> _RECORDS FOR THIS TASK_

::::

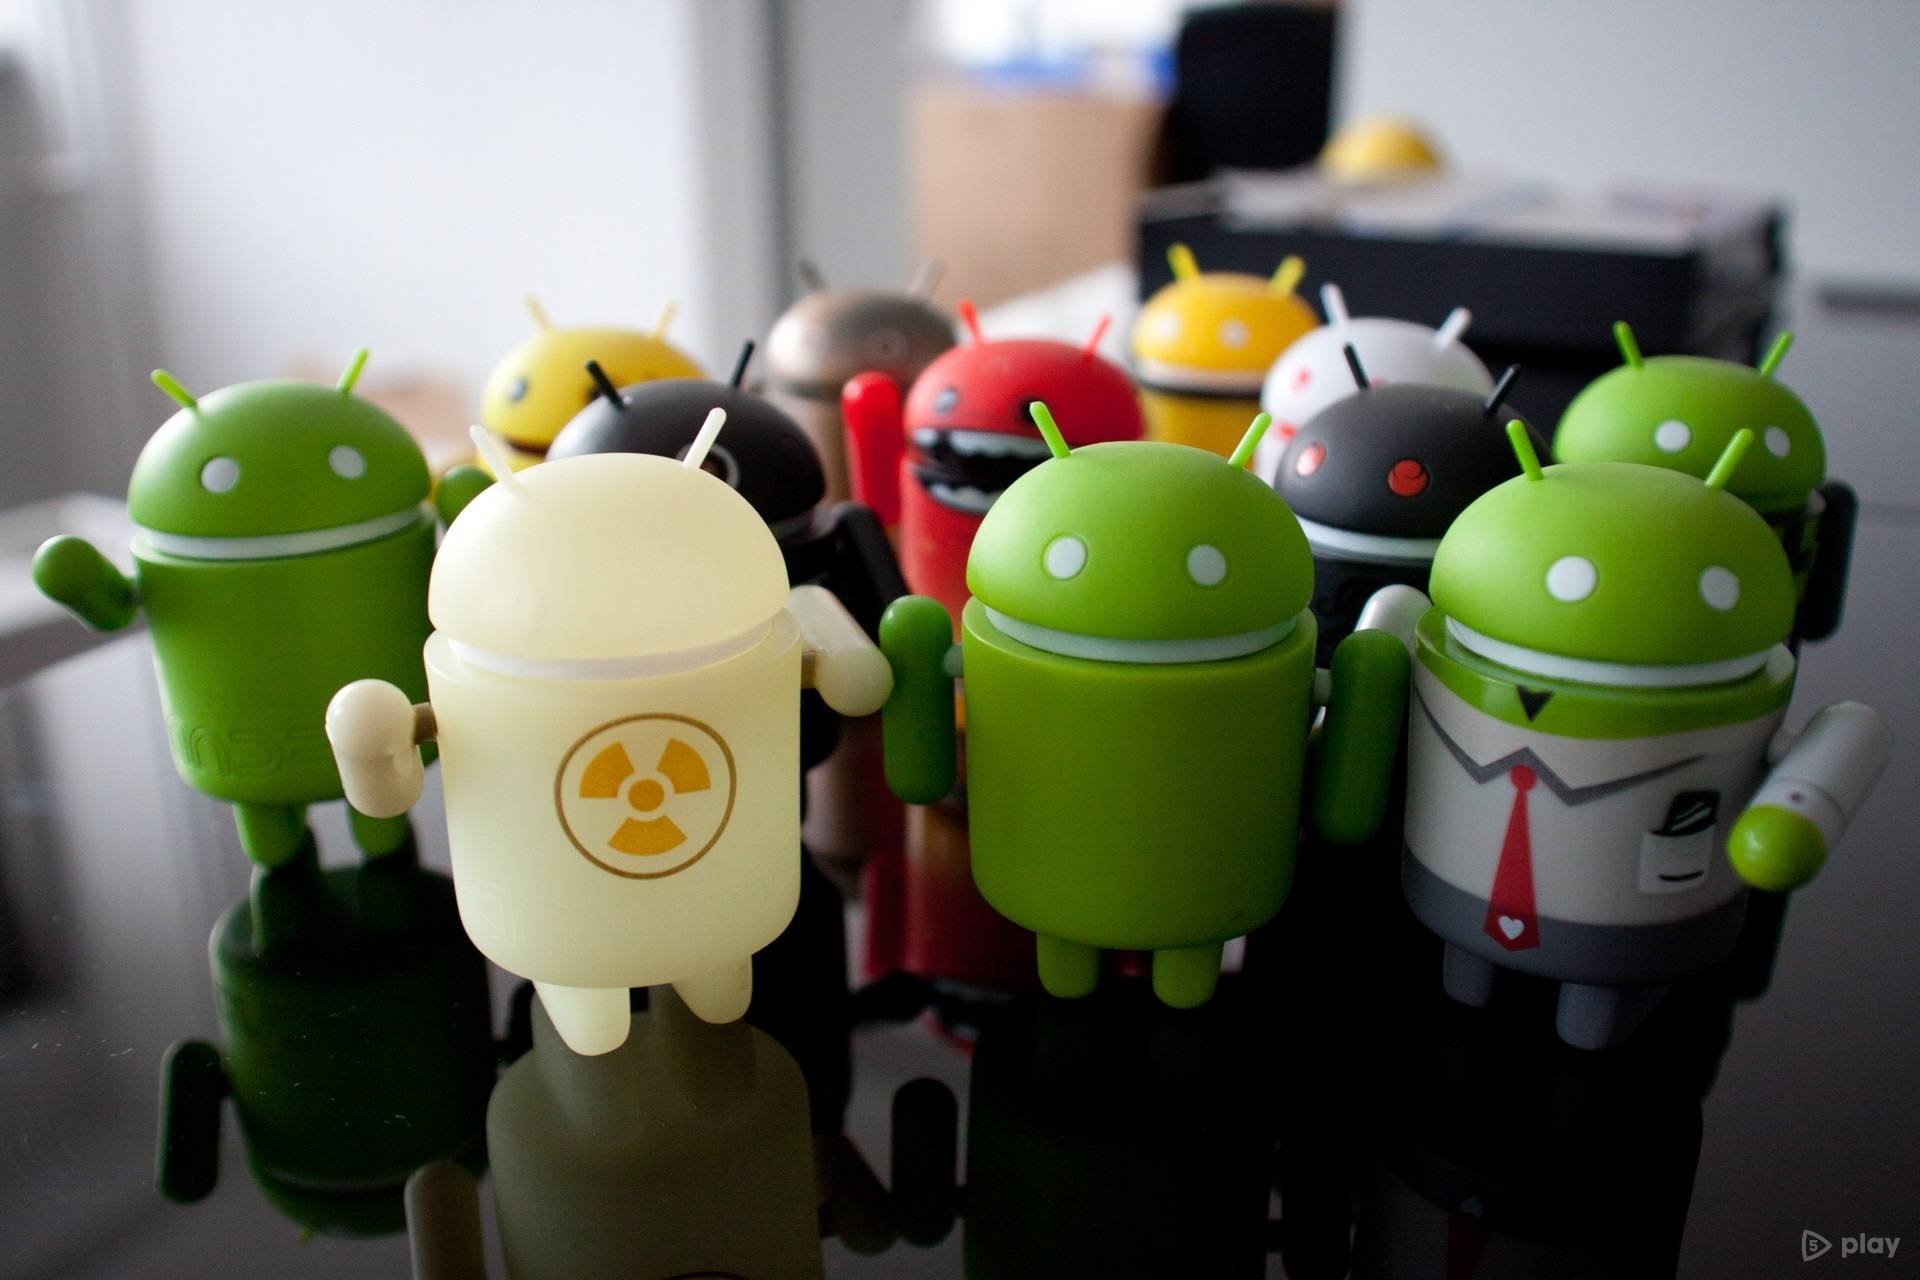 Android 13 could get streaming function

::::

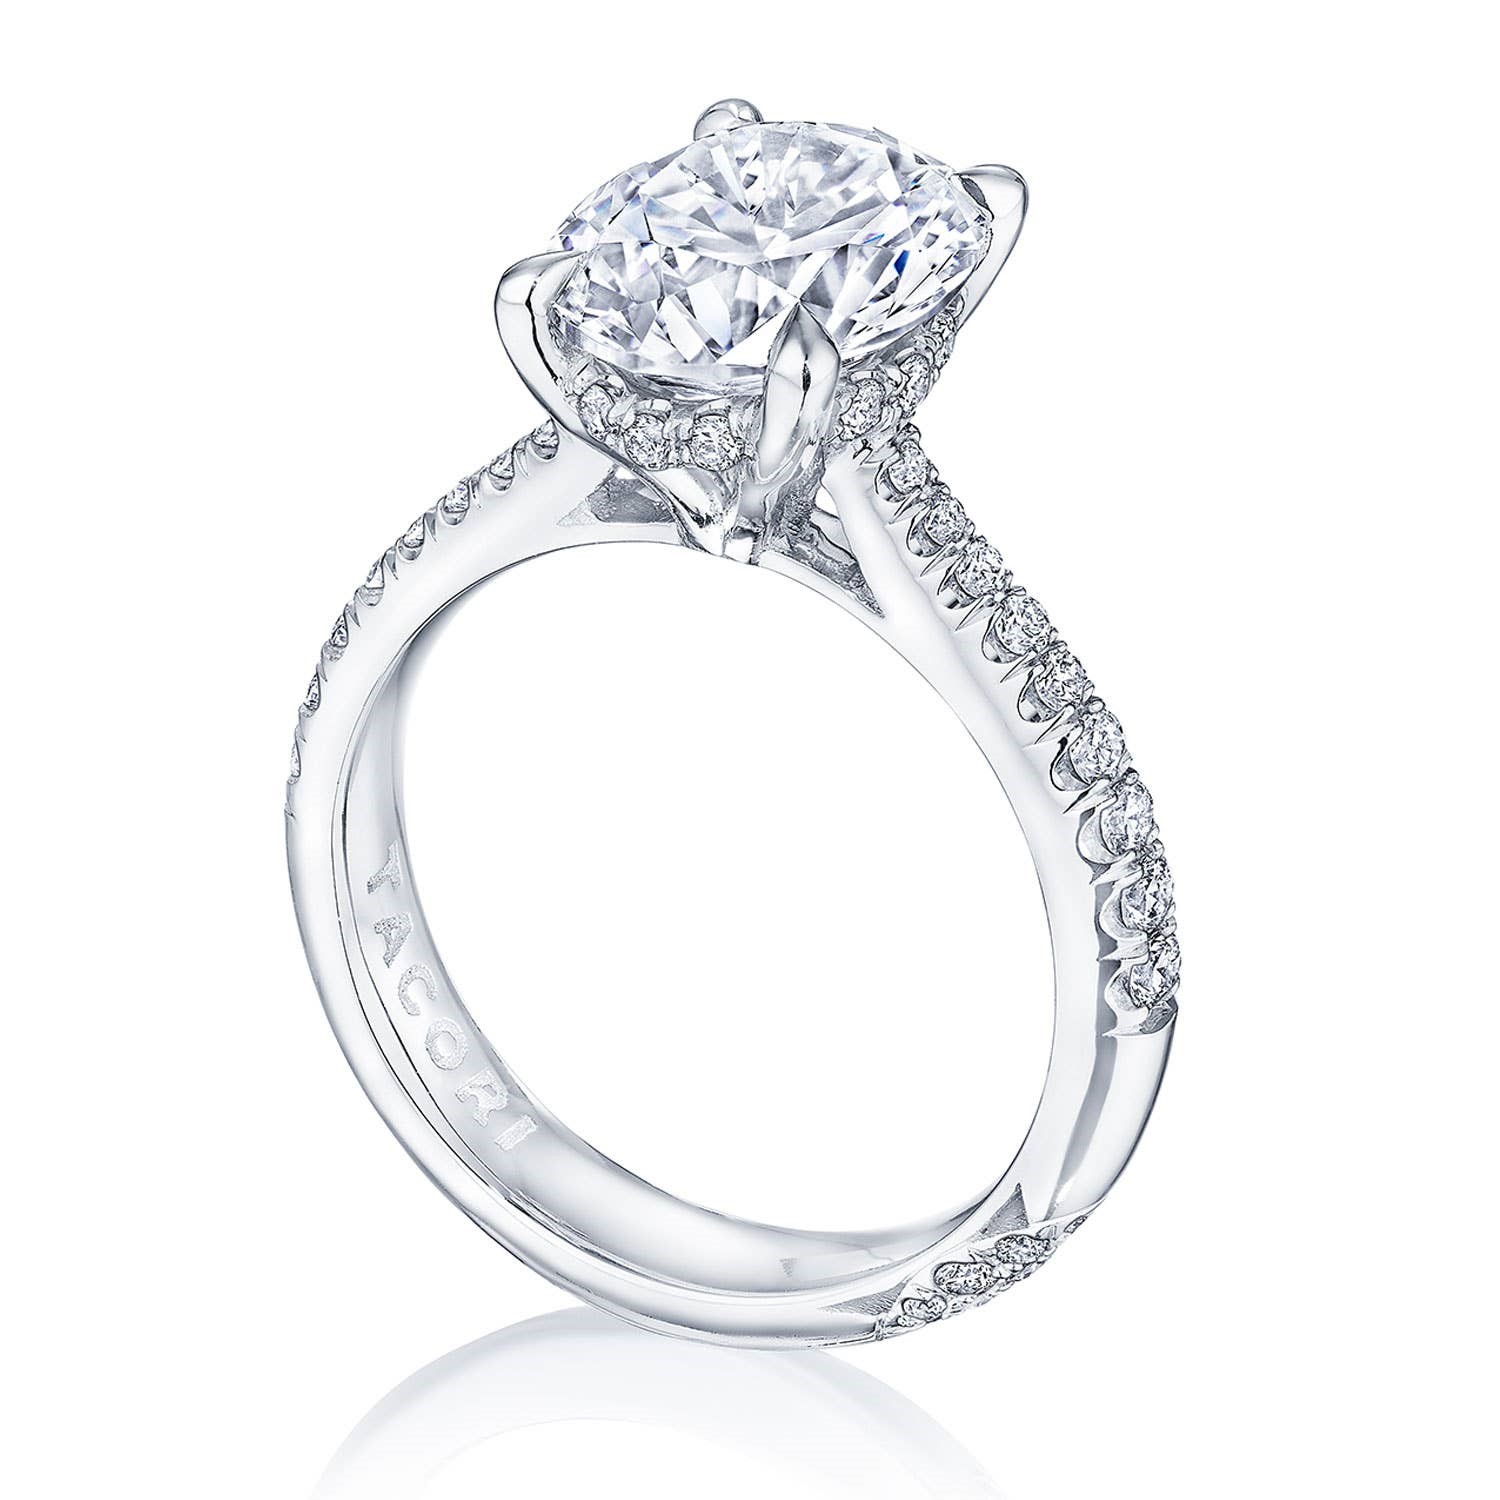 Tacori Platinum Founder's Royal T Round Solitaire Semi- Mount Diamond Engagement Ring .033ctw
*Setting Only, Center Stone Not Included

::::

> _WORK REQUIRED_
The data above holds the lines to copy: start at the one with "Tacori Platinum Founder's", stop at the one with "Stone Not Included", include both, copy them exactly without pictures, and copy nothing else.

> _SOLVED PROBLEM_
 Tacori Platinum Founder's Royal T Round Solitaire Semi- Mount Diamond Engagement Ring .033ctw
*Setting Only, Center Stone Not Included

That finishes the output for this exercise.